Ну, конечно, летом у нас гостят дети. Нынче летом приедет Барбара Бада отправляют в лагерь. Бывает и сложновато, но стараемся. Как же иначе? Тем более, летом на Лонг-Айленде не соскучишься. Лайза с ними отлично ладит — Салли правильно их воспитала. Да и сам Макконеги со мной очень мил. Дал мне замечательную пропись от простуды — теперь запасаюсь каждую зиму. И Джим Блейк — первый муж Лайзы, теперь мы стали с ним встречаться — вполне интересный человек. В общем, мы все ведем себя ужасно мило — милее и вежливее некуда. И я иногда думаю: а не лучше было бы, если бы кто-нибудь стал закатывать истерики и бить посуду. Это, конечно, шутка.

Ты приехал к нам на выходные в Медоуфилд — может быть, не помнишь, когда Баду было месяцев шесть, а Барбара уже бегала вовсю. Дом был неплохой — если ты помнишь этот дом. В голландском колониальном стиле, и вентиль в кладовой тек. Хозяин беспрестанно чинил его и все не мог починить. А когда ты сдавал задом в гараж, надо было круто завернуть влево. Но Салли любила нашу японскую вишню, и дом был неплохой. Со временем мы думали построиться на Роуз-Хилл-род. Денег, правда, еще не было, но участок присмотрели и рисовали планы. Салли вечно забывала отметить на плане двери, и мы над этим смеялись.

Был обыкновенный вечер, ничего исключительного. После ужина мы уселись на лужайке в шезлонгах и пили Саллино пиво — это было задолго до отмены сухого закона. Шезлонги мы покрасили сами в прошлое воскресенье и очень ими гордились. Стемнело поздно, зато потом подул ветерок, а один раз Бад запищал, и Салли пошла к нему. По-моему, на ней было белое платье, летом она часто надевала белое — шло к ее голубым глазам и пшеничным волосам. Словом, вечер как вечер — и даже легли мы не поздно. Но были все вместе. И если бы ты мне сказал, что через три года у нас обоих будут новые семьи, я бы решил, что ты бредишь.

Потом ты уехал на Запад, помнишь? — мы проводили тебя до поезда. Все происходило уже без тебя… и, честно говоря, я сам не припомню, когда мы начали встречаться с Блейками. Они тогда поселились в Медоуфилде, но мы с ними не были знакомы.

Джим Блейк был из тех симпатичных, очень некрасивых мужчин, которые носят стальные очки, преуспевают в юриспруденции и никогда не выглядят ни молодыми, ни старыми.

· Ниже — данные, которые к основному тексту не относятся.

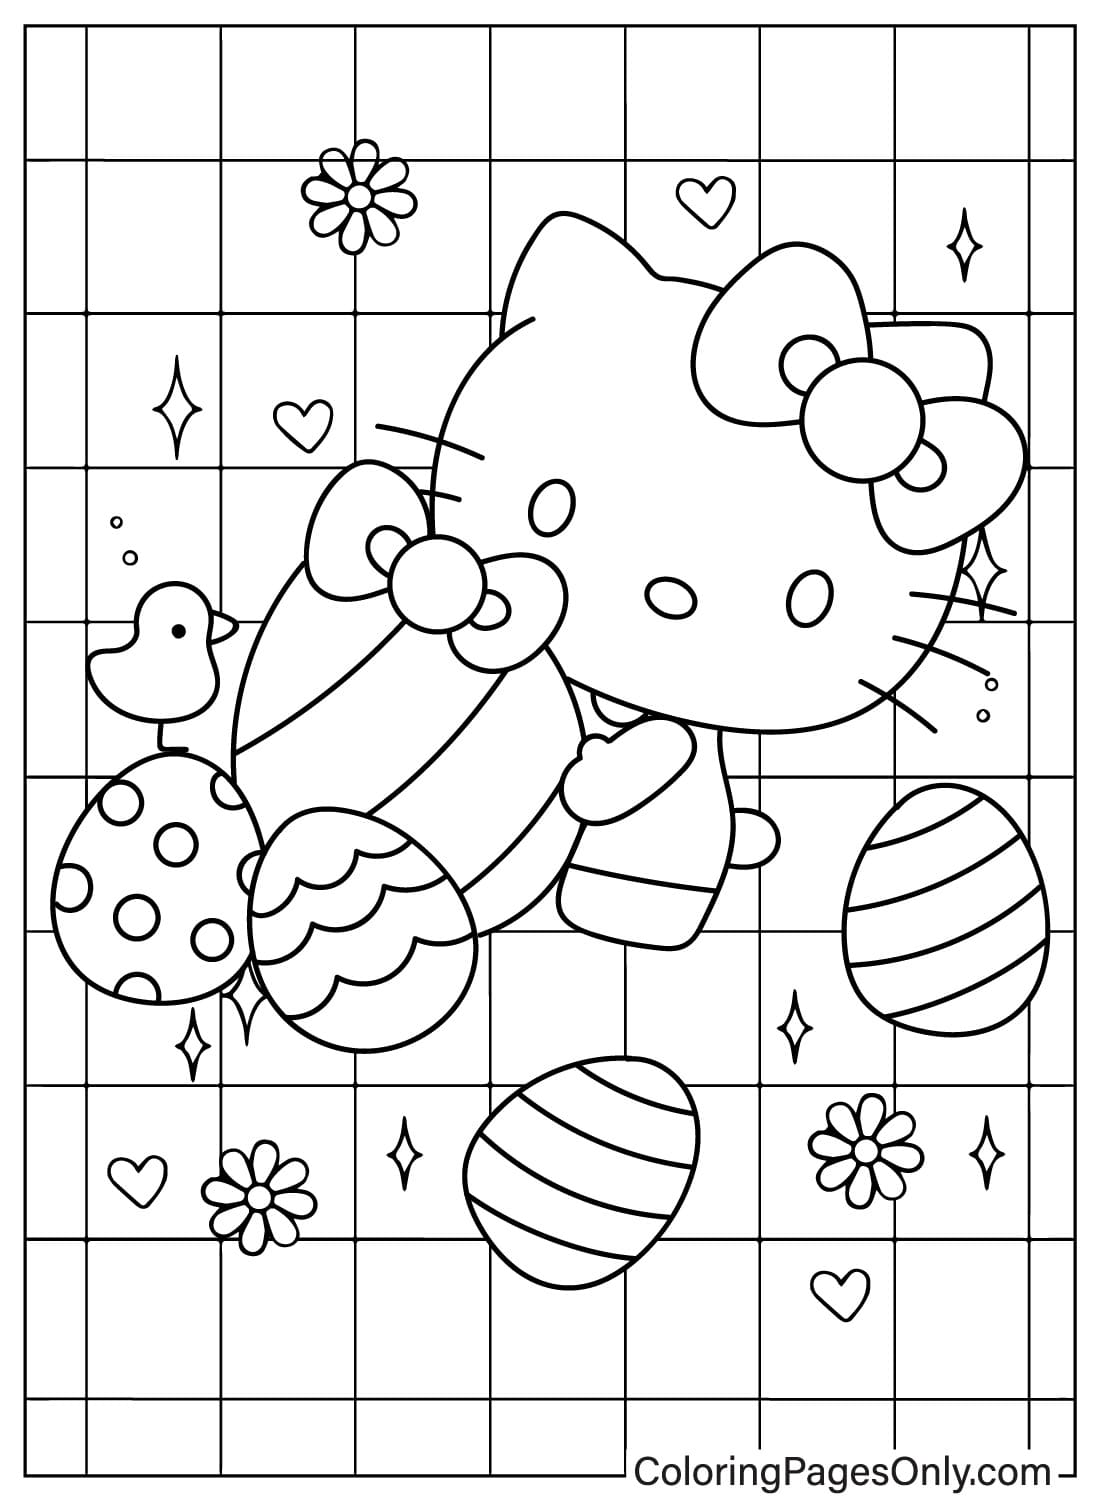 Пасхальная раскраска Hello Kitty бесплатно из пасхального мультфильма
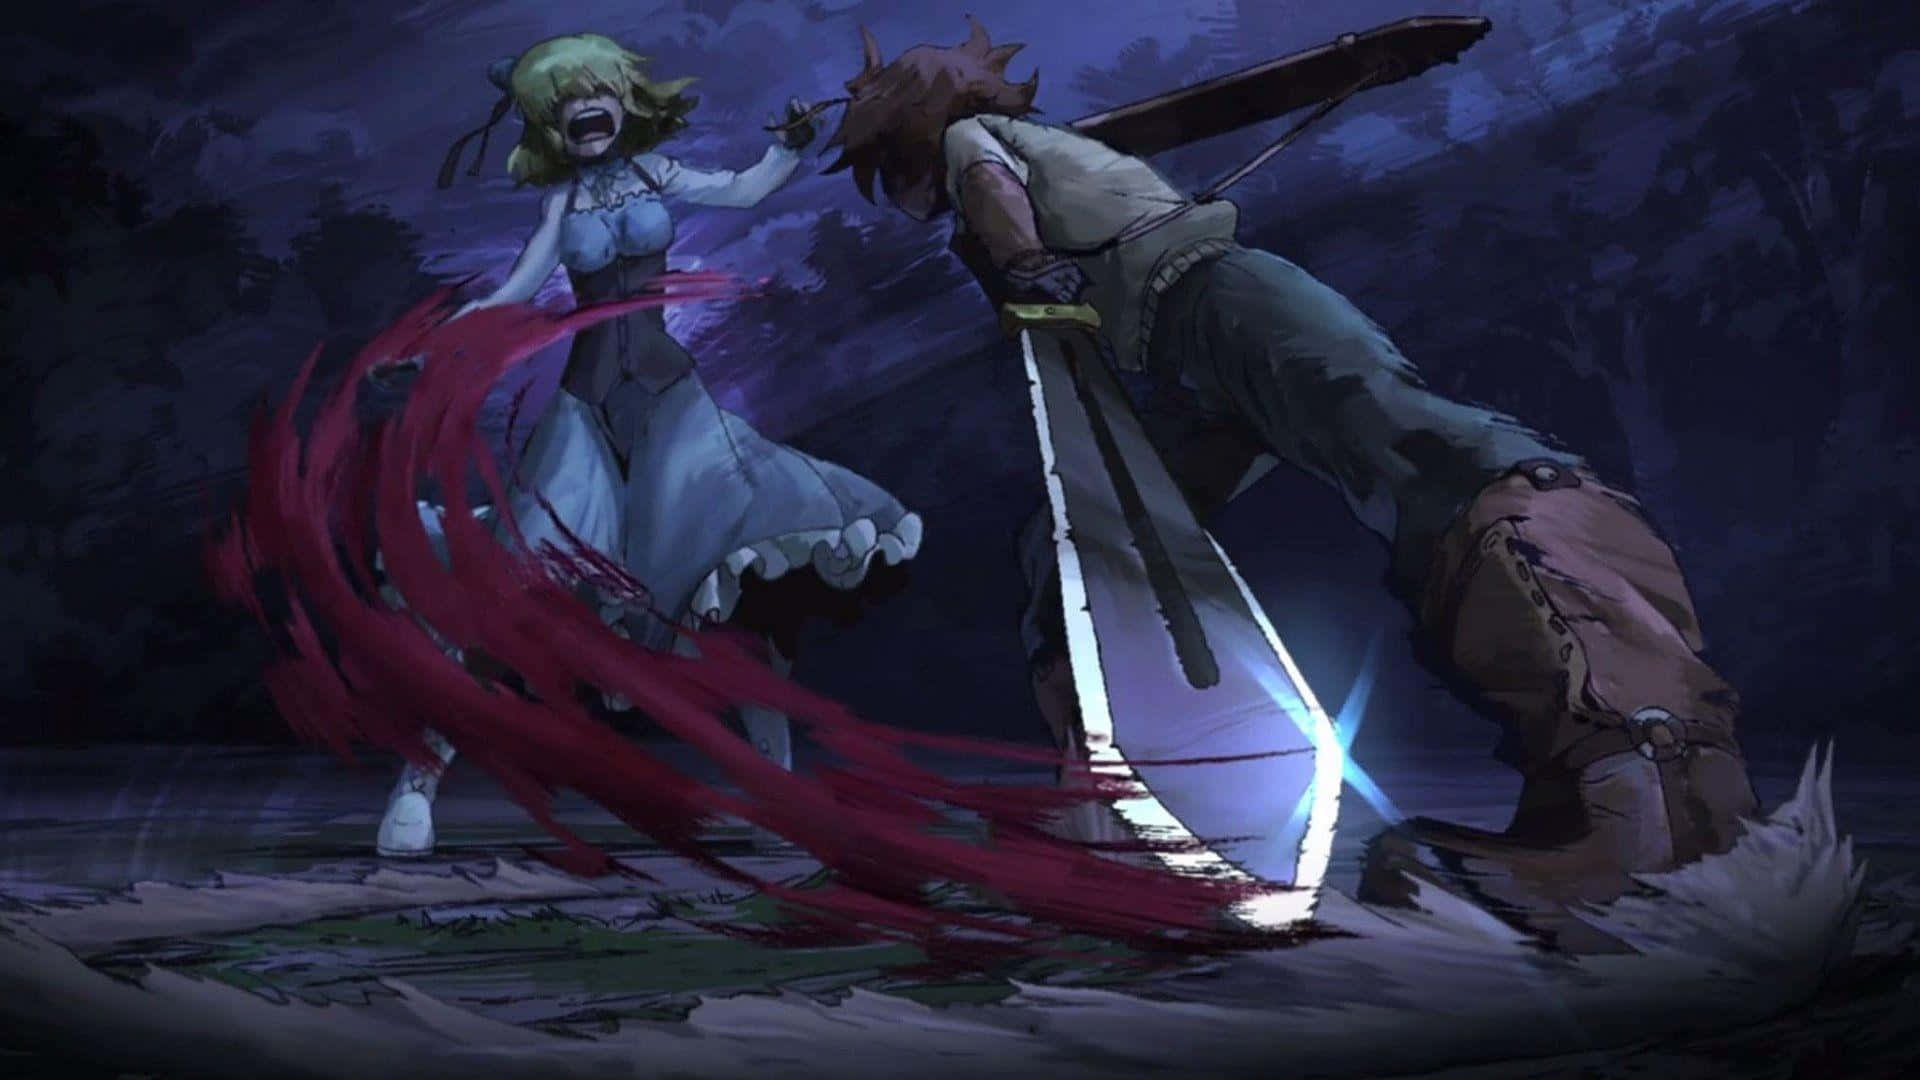 Luchapor La Justicia En El Oscuro Y Caótico Mundo Del Anime Akame Ga Kill.

А Лайза была… Лайза. Она смуглая, знаешь, и ей очень идет загар. Она первой у нас стала носить настоящий купальный костюм и пить томатный сок, когда все пили коктейли. Она была очень хорошенькая, очень занятная — всегда масса затей. У них часто бывали гости.

Лайза это любит — опять же, у нее собственный доход. Они с Джимом имели обыкновение забавно цапаться на людях — не всерьез или, может быть, не совсем всерьез. У них была маленькая дочь Сильвия, и Джим в ней души не чаял. Понимаешь, все это как бы вполне нормально, правда? — и даже то, что у них такой же точно эрдель, как у тебя самого. Ну и нам это казалось нормальным, и скоро они влились в нашу компанию. Объяснять тебе не надо: компания молодых женатых людей в любом пригороде.

Ну и, конечно, двадцать восьмой год, бум в разгаре, настроение у всех приподнятое. Да, отчасти, наверно, дело было в этом — в деньгах, в ощущении, что жизнь все бойчее и бойчее и остановки не будет. Да ведь Салли сама говорила, что нам надо раскрутиться, нельзя обрастать мхом, пока молоды. В самом деле, несколько лет — с маленькими детьми и прочим — нам было не до развлечений. И так приятно снова почувствовать себя молодым и легким, купить новую машину, устроить вечер для друзей из клуба, не беспокоясь о том, из чего заплатишь домохозяину. Ничего предосудительного в этом не вижу.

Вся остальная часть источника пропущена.